## Exercise details
The lines to return run from the one containing "PEANUT CHAIN LINK NECKLACE" through the end of the material; give them exactly and leave out the pictures.

## Data block
**********
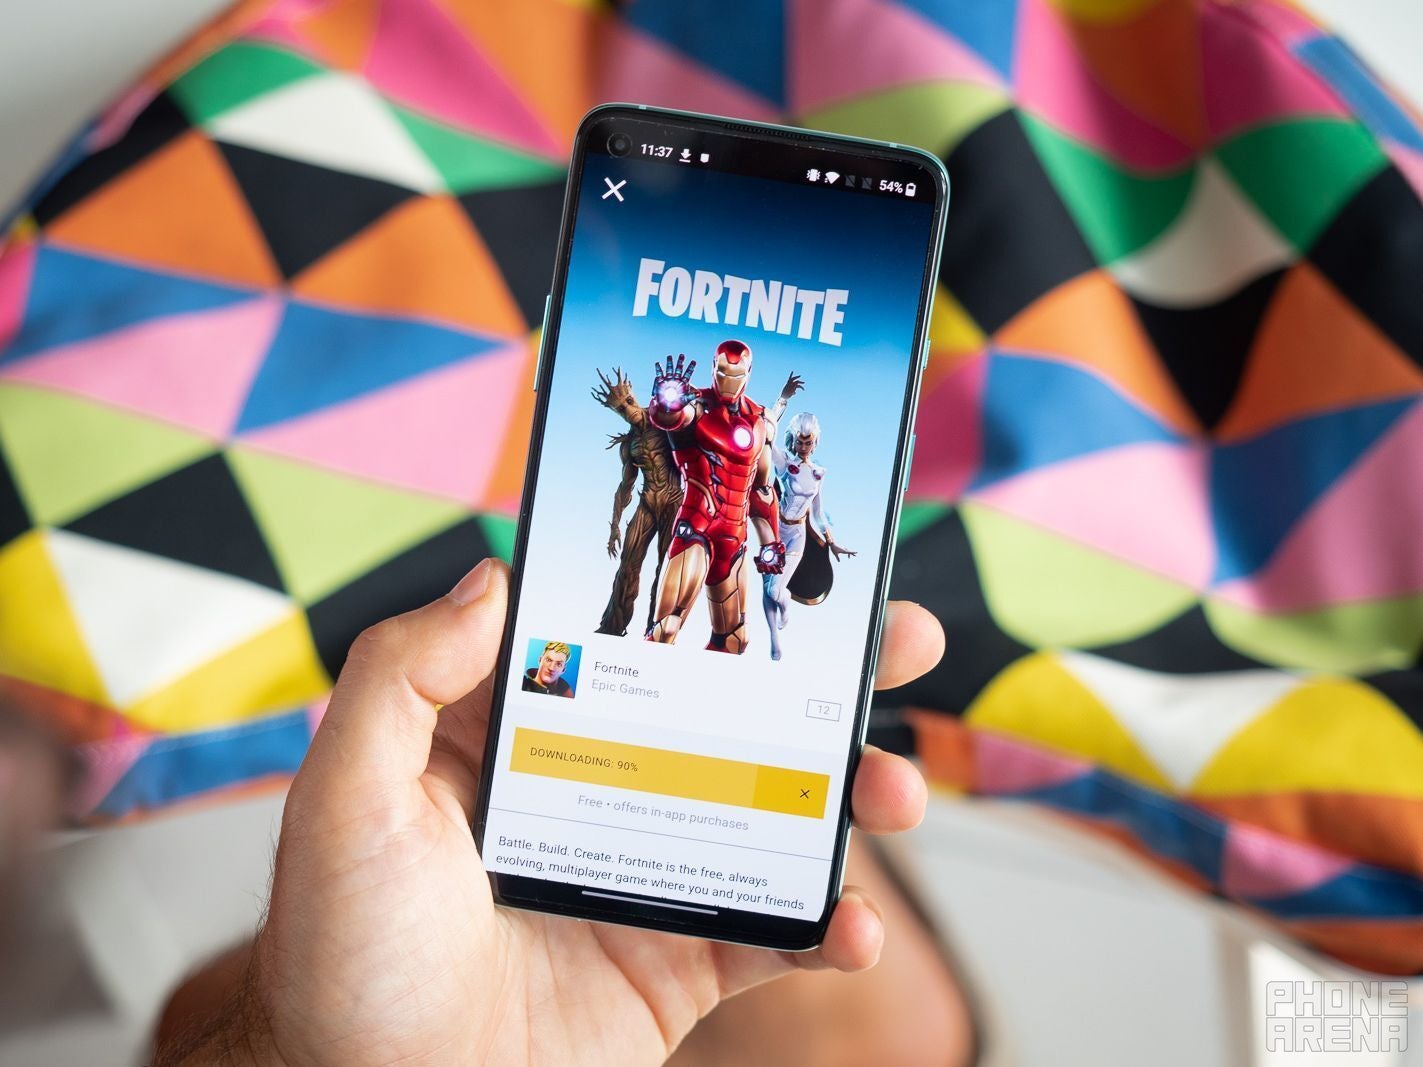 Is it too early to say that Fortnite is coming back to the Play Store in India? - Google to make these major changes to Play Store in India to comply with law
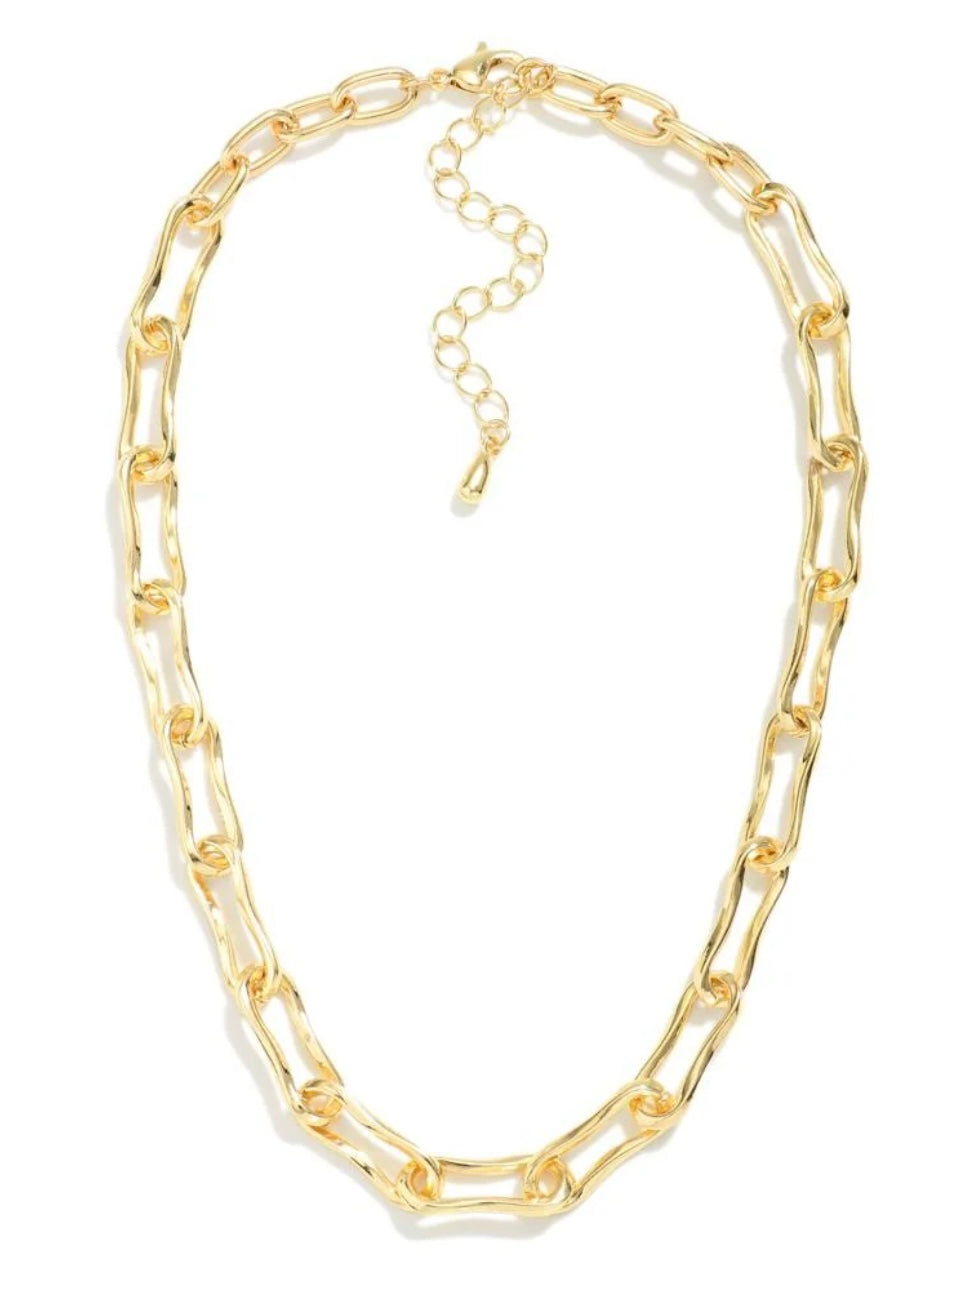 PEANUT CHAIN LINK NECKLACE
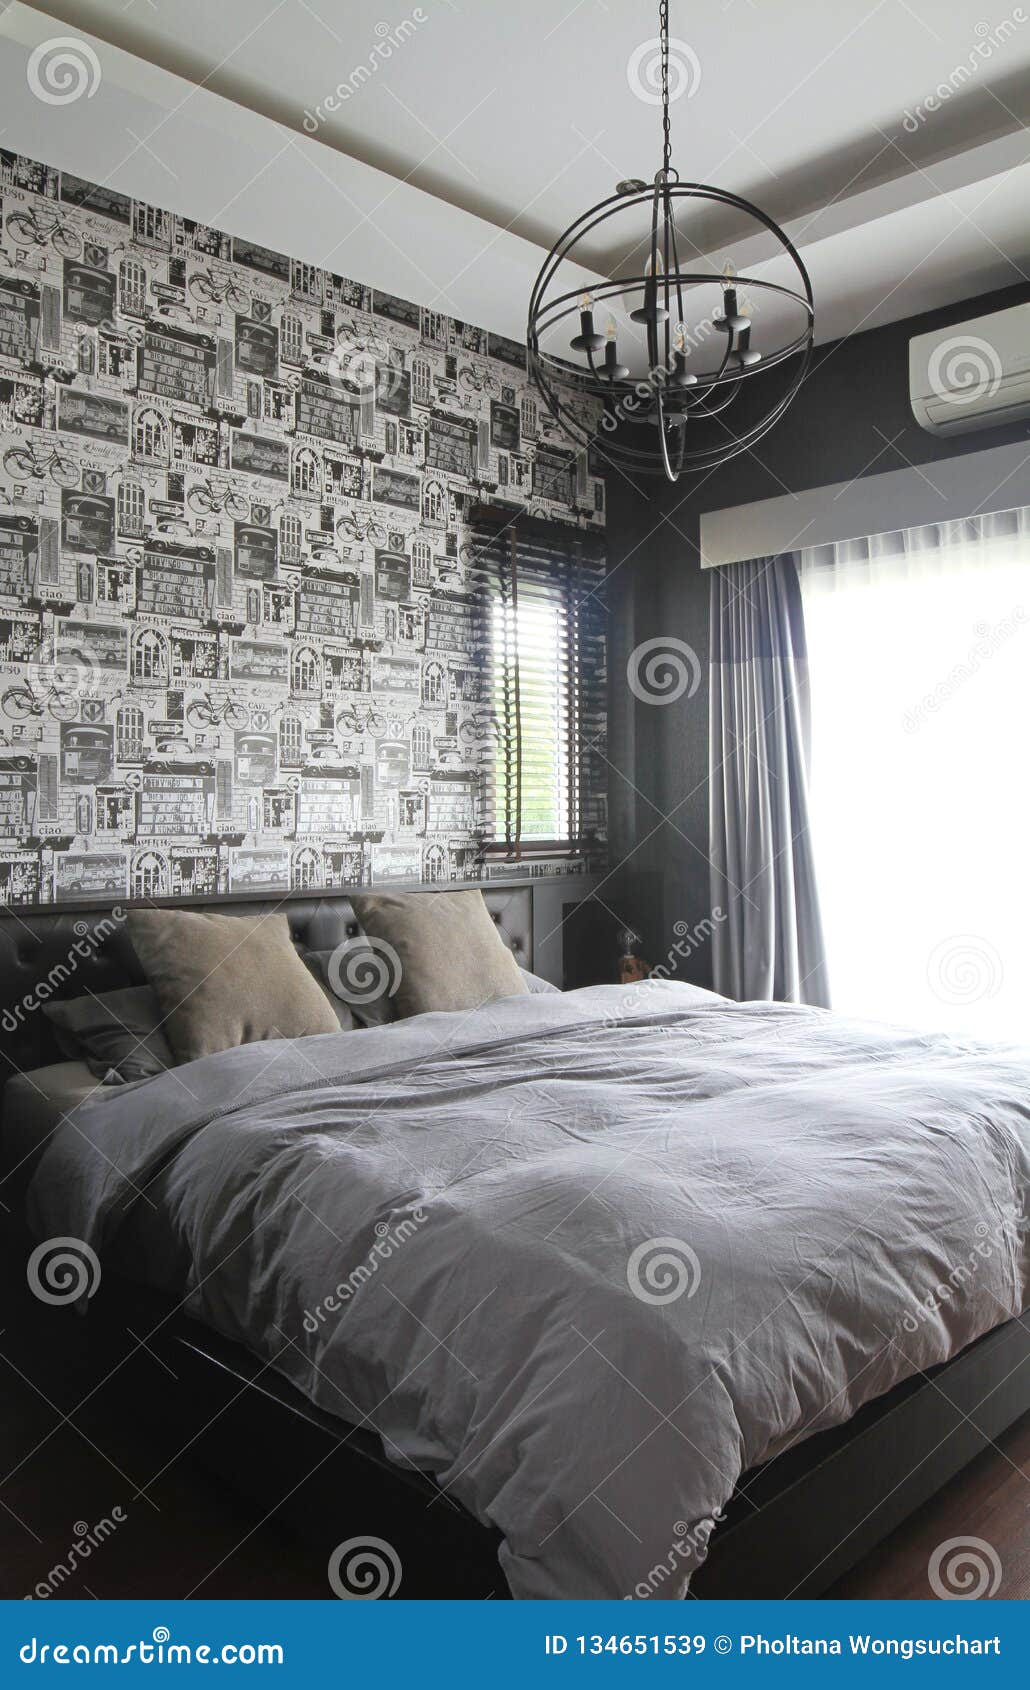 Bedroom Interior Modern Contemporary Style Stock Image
**********
## Response
 PEANUT CHAIN LINK NECKLACE
 Bedroom Interior Modern Contemporary Style Stock Image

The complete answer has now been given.